John Blackwood john.blackwood at ccur.com
Mon Sep 25 11:17:29 PDT 2006


Hi Michael,

Thank you for the info/update.

While we're on the topic of IPoIBHA, I did a bit of testing on
RHEL4 U2 and SLES 10 systems, and I noticed the two following issues.

Maybe you have noticed these same issues too ?


1. If the port goes down, then ipoib_ha.pl will start up mcasthandle.
    If you then do a 'service openibd restart' then the mcasthandle
    process is not killed off.  Thus, you can end up with 2 copies of
    mcasthandle.  It would be nice if the 'stop' portion of openibd
    could kill off mcasthandle if it is running.


2. In OFED-1.1-rc5, the ipoib_ha.pl script would set the down port's
    IP address to zero.   In OFED-1.1-rc6, the script instead marks
    the interface 'down'.

    I've noticed that in rc5, when the primary port went down, the
    2ndary IP address became unusable.

    In rc6, when the primary port goes down, the 2ndary IP address
    is still usable, but now I notice that every 8 seconds or so,
    traffic across either IP address will pause for a bit.

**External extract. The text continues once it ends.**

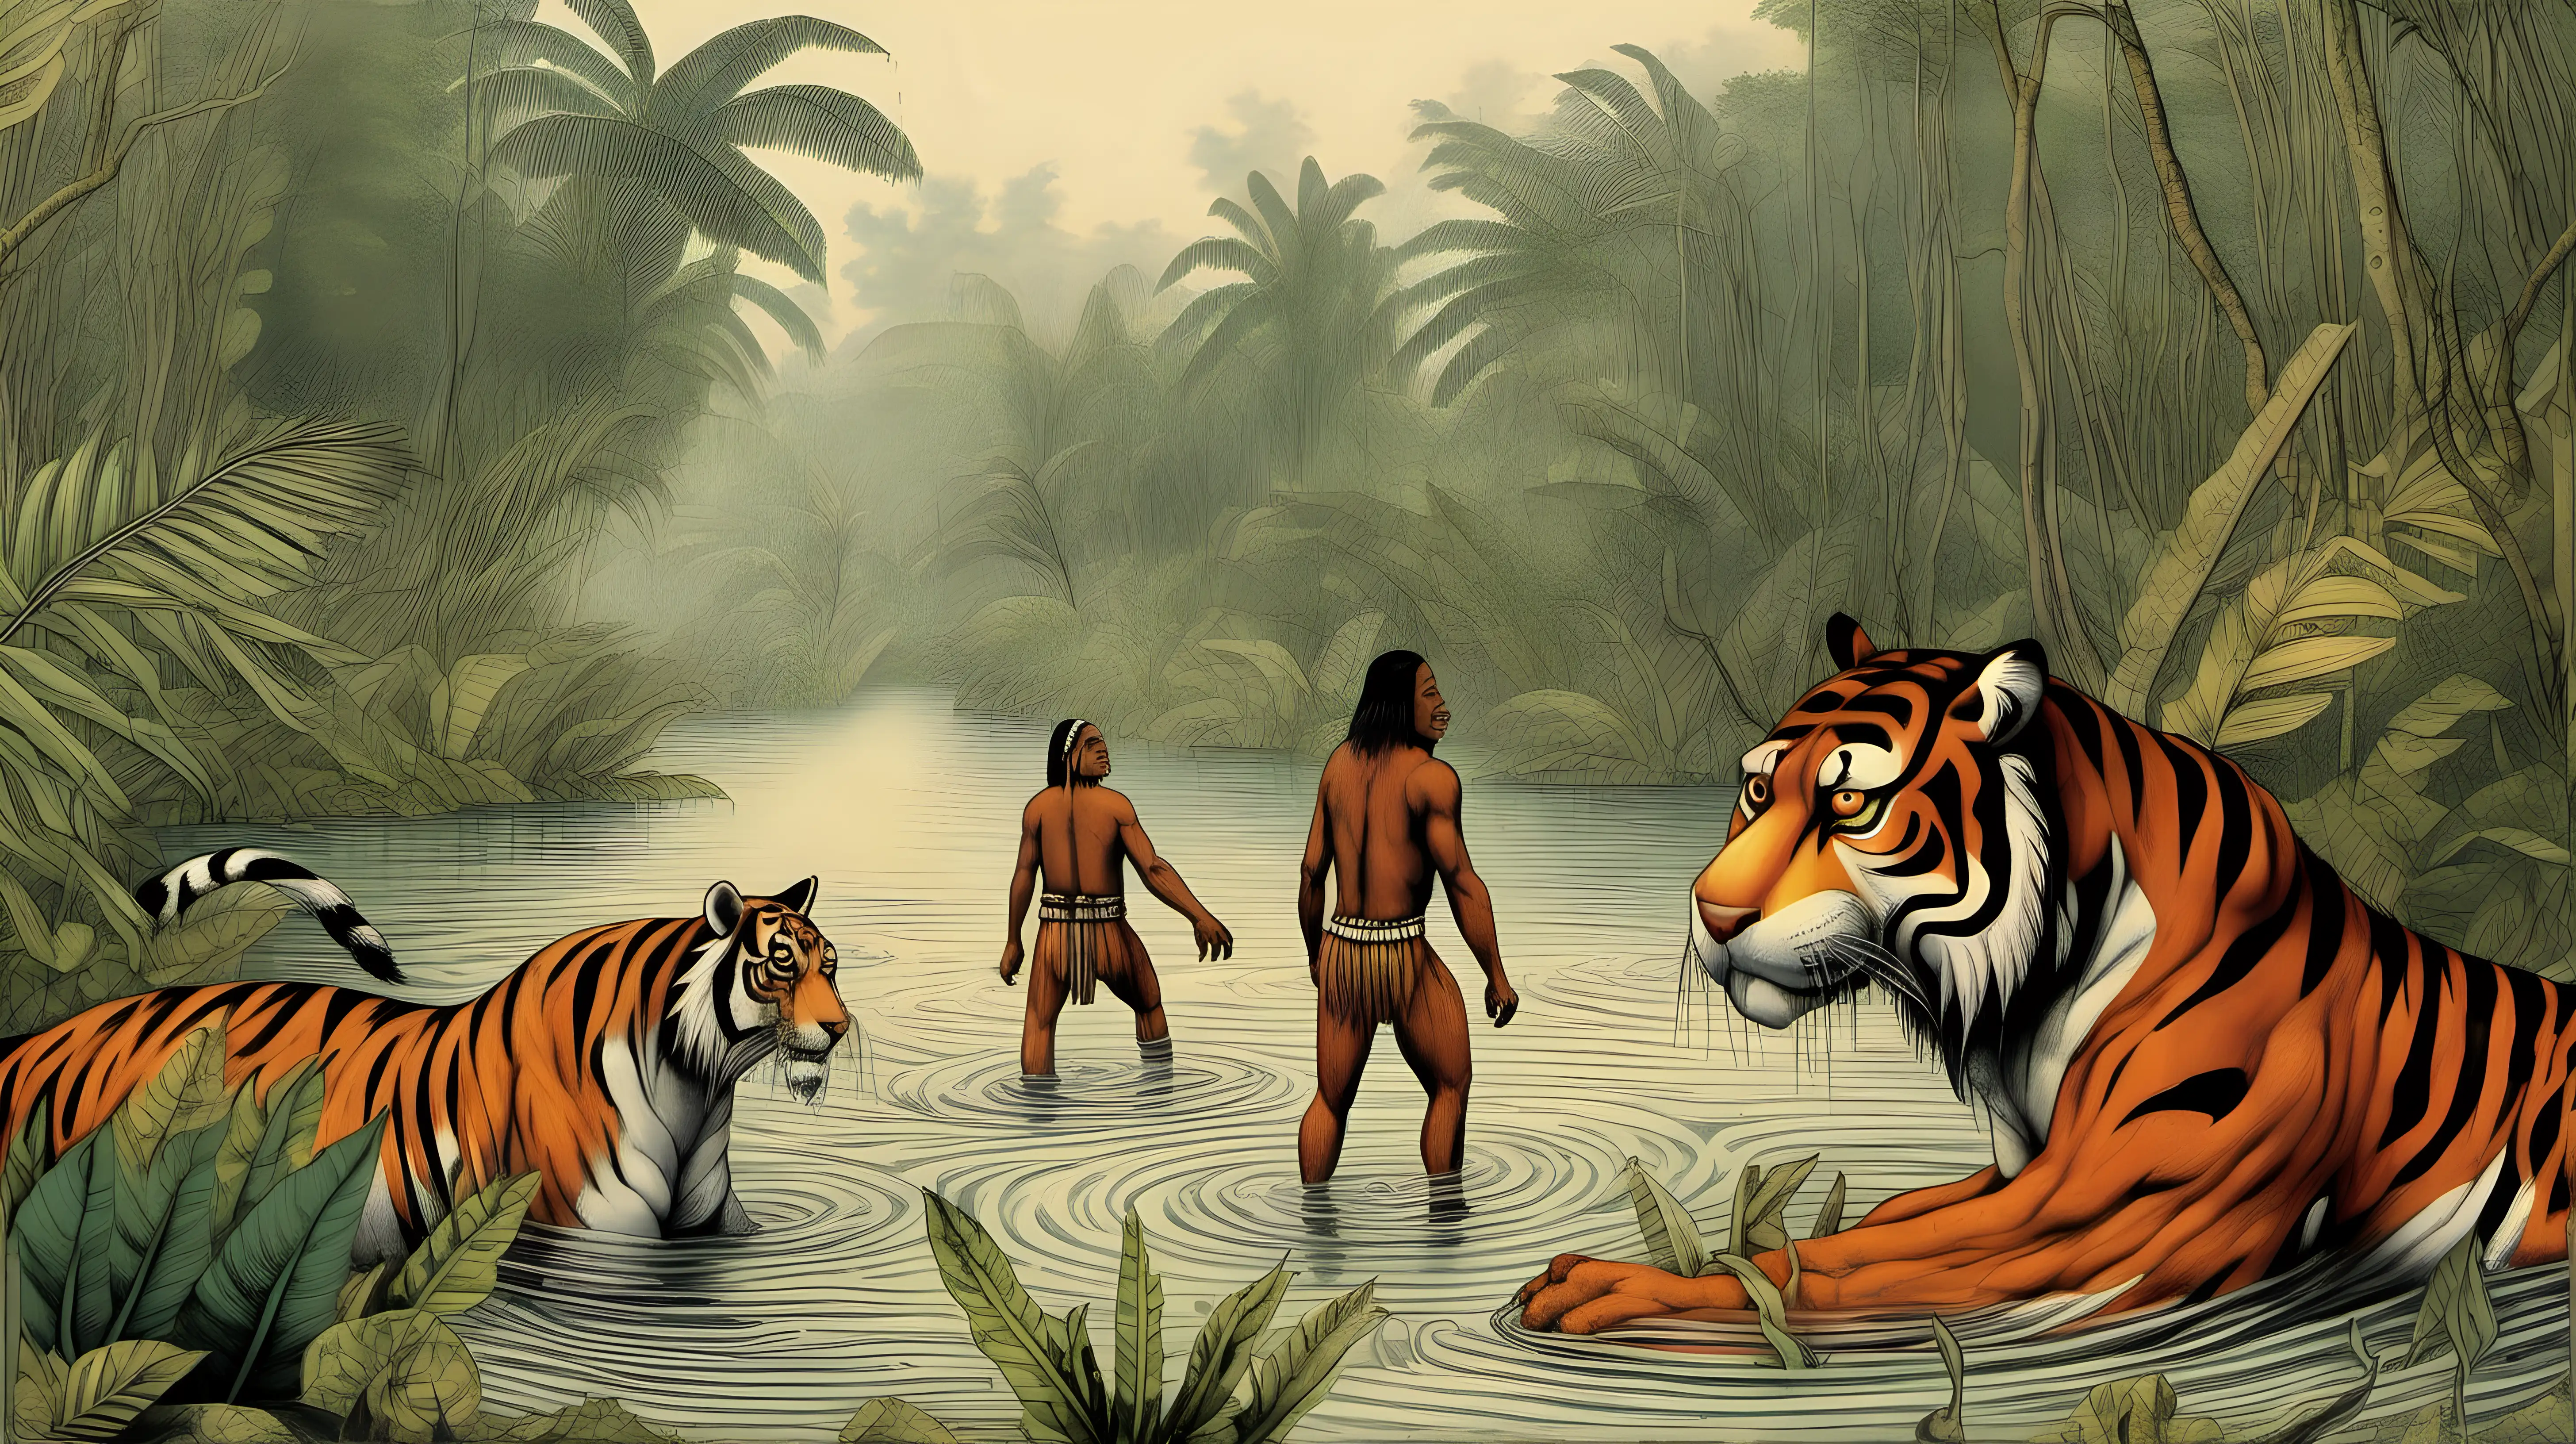 in the Amazon river speaking with an indigenous shaman who is part tiger and part human. More tigers swim in the river behind them. It is raining and the scene is very humid, they're surrounded by wet jungle. In the style of theodore de bry without any text captions.

    If the port comes back up, and I restart openibd, then this
    pausing behavior goes away.

I was just wondering if you are also seeing this behavior ?


thanks for listening.


John Blackwood
john.blackwood at ccur.com
Concurrent Computer Corp.






Michael S. Tsirkin wrote:
> Quoting r. John Blackwood <john.blackwood at ccur.com>:
> 
>>Subject: Re: IPoIB HA not working on RHEL4 U3
>>
>>Just FYI,
>>
>>I was also having problems with IPoIBHA on RHEL4 U2.
>>
>>I found that the iproute-2.6.9-3 rpm did not output the NO-CARRIER 
>>state, but when I installed iproute-2.6.11-1, the NO-CARRIER state did 
>>appear, and IPoIBHA started working much better.
> 
> 
> Correct. What we are doing is packaging a version of iproute into ofed
> for use solely by ipoibha. This will then be used whenever
> iproute is older than 2.6.9.
> 
> 





More information about the ewg mailing list